Records from a collection:

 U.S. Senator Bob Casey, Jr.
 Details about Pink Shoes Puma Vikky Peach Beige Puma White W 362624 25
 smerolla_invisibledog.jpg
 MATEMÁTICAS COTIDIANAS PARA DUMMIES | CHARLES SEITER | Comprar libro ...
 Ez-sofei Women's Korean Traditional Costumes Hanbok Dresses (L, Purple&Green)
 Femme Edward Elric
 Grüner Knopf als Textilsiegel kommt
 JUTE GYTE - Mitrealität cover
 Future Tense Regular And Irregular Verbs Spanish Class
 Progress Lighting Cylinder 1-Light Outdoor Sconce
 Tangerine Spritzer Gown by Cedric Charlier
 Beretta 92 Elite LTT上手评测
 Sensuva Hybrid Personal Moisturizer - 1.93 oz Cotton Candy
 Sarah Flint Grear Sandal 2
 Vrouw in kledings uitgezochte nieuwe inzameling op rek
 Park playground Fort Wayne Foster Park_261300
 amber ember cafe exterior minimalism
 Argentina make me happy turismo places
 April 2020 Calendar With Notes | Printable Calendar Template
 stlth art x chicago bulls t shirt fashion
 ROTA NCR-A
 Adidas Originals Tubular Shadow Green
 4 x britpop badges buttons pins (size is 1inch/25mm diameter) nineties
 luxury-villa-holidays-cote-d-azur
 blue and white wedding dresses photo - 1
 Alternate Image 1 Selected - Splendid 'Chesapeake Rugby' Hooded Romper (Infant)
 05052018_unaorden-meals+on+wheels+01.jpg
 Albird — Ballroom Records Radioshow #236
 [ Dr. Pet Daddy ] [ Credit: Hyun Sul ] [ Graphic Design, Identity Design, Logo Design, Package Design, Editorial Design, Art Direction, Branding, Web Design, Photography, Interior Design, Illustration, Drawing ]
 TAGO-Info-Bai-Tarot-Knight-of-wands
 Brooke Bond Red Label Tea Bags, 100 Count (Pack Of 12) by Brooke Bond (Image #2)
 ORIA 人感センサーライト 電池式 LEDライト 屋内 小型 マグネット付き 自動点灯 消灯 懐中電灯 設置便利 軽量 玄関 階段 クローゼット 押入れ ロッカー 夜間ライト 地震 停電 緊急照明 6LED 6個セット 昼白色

What this task involves: Count every line above that holds the string "Image" and give the total, nothing more.

Response to this exercise: 2